Marcos was caught off guard by the remark. She tried to parry it by insisting that Masagana 99 was a success since it allowed the country to export rice, a claim refuted by Dominguez, saying: “Ah, no. We never exported rice. We never exported rice, Ma’am.”
On May 21, Marcos issued a press release castigating Dominguez: “Shame on you, Secretary Dominguez, give the Filipino farmer some credit! When supported by sound government policy and defended against rampant importation, we can feed ourselves. Give the Filipino farmer a chance!”
A thorough look at the much-hyped Masagana 99 showed that for a brief time after it was launched, the Philippines did become a rice-exporting country—or barely that. But data and studies show that this point of pride for the Marcoses and their supporters was not solely attributable to the Masagana 99 credit program.
Moreover, echoing Dominguez, this “success” came at a significant cost, not only to the government, but also to the farmers that the program supposedly helped. Masagana 99 also had an adverse impact on the environment brought about by its dependence on chemical fertilizers and pesticides.
MASAGANA 99
After a series of natural disasters and pest infestations in 1972, the Philippines faced a nationwide rice shortage. This prompted the government to intensify rice production with the Masagana 99 Rice Program. Launched on May 21, 1973, Masagana 99 was a crash program primarily intended to raise the yield of palay crop lands per hectare to 99 cavans, from the then national average of 40 cavans per hectare. Not only did it seek recovery from losses incurred from the previous years of low productivity, it also aimed to scale down importation and eventually achieve rice self-sufficiency in record time.

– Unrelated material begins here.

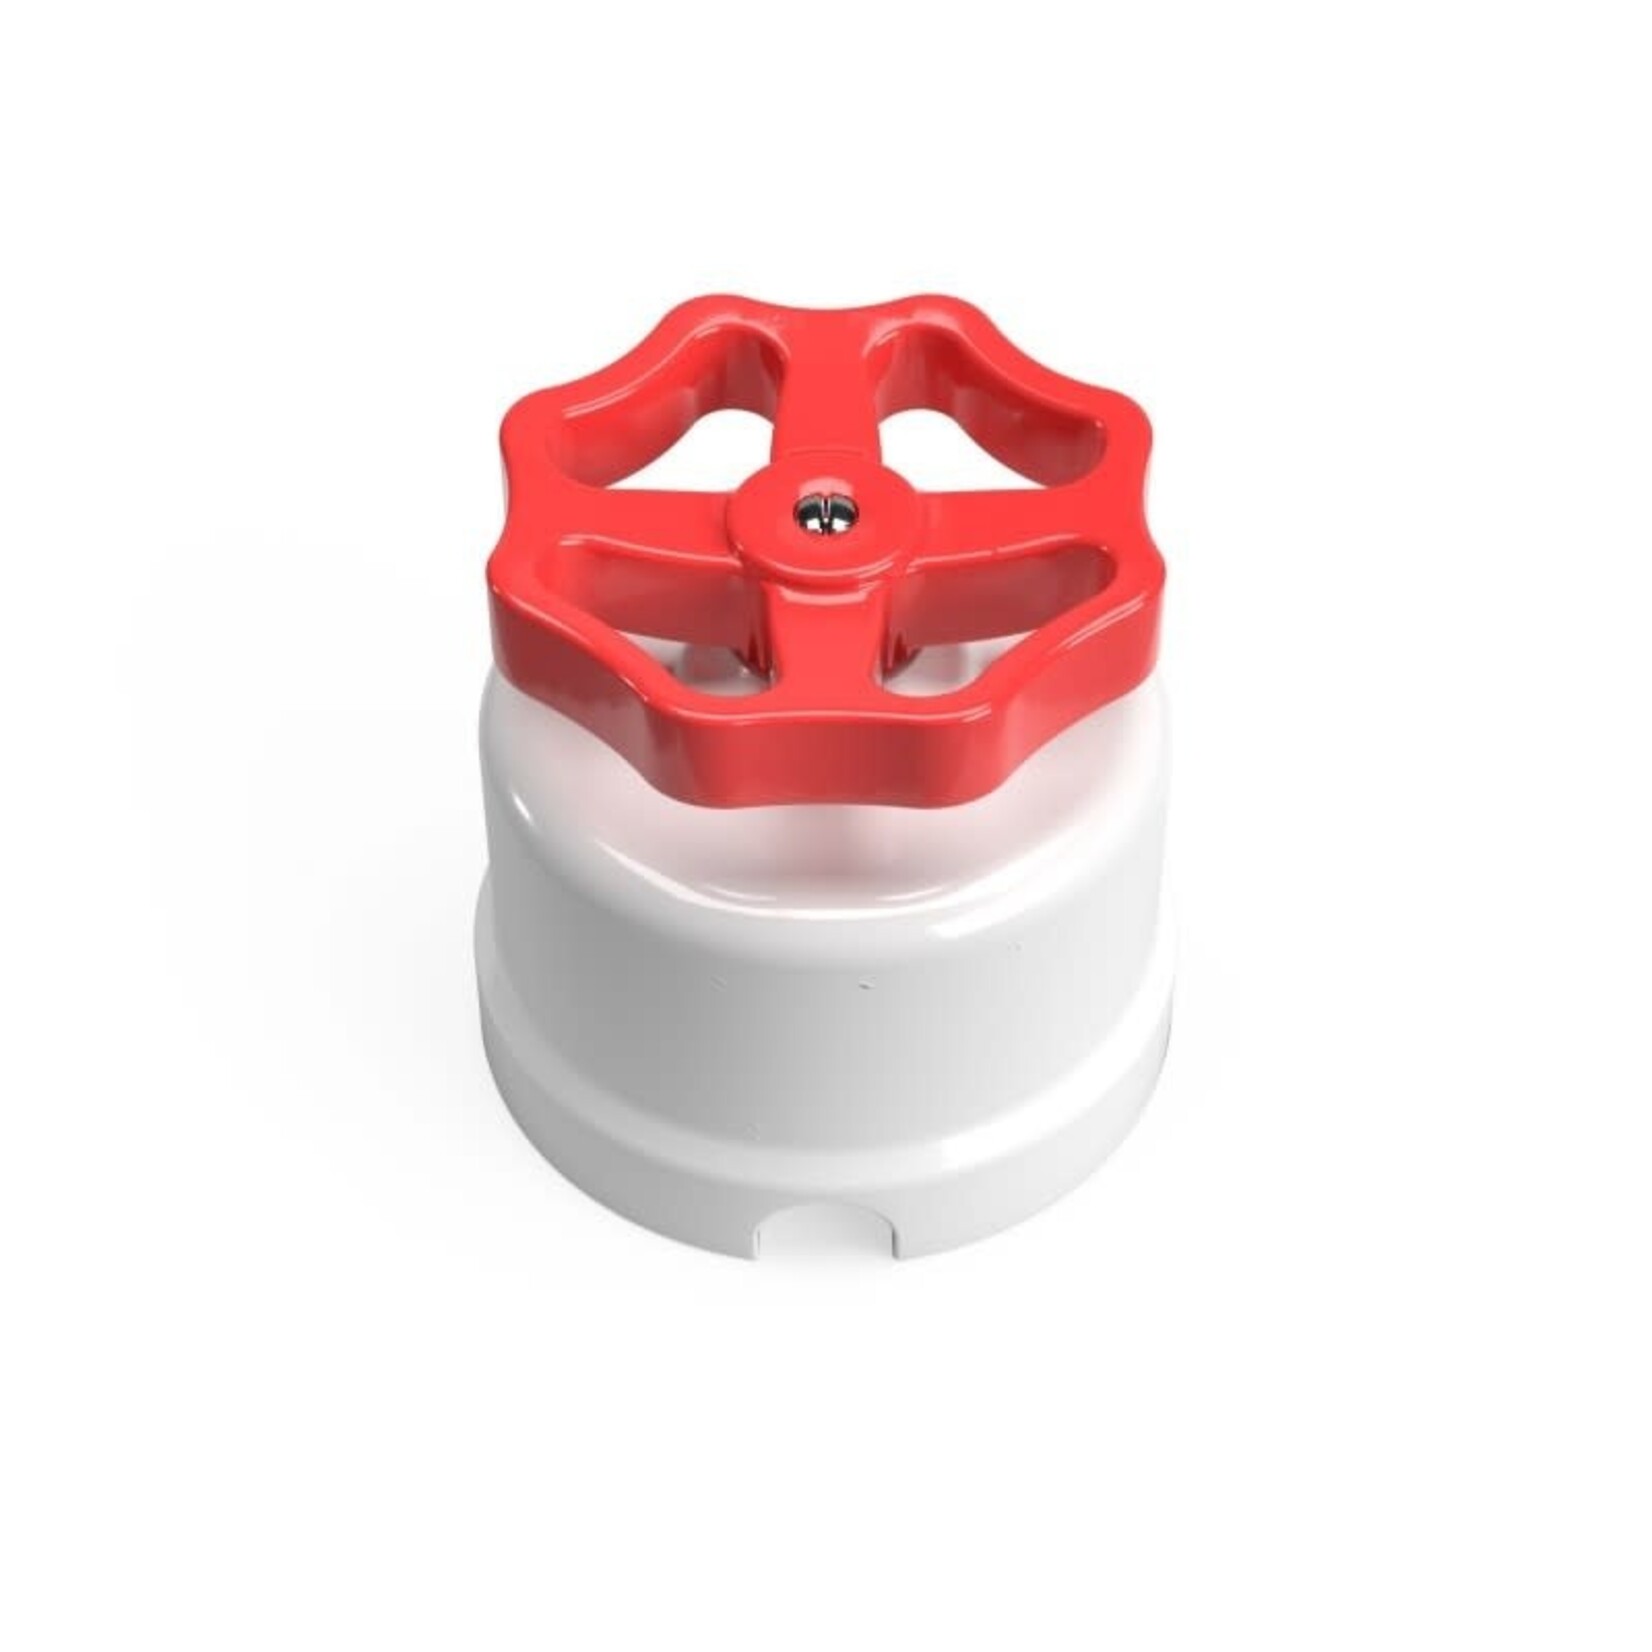 CCIT Switch/Diverter in white porcelain with RED knob

At the core of Masagana 99 was a package of technology offered to farmers in the form of high-yielding variety (HYV) seeds, herbicides, low-cost fertilizer, and other modern agricultural inputs. The supervised credit scheme, on the other hand, was designed to make sure that the farmers can actually use the recommended technology package provided for by the program. The Central Bank extended subsidized rediscounting facilities to both public and private credit institutions to act as stimuli for banks to channel their loans to the agricultural sector. With reduced cost of borrowing made possible by highly subsidized interest rates, in theory, the farmers could avail themselves of the credit program even without collateral and other standard borrowing requirements.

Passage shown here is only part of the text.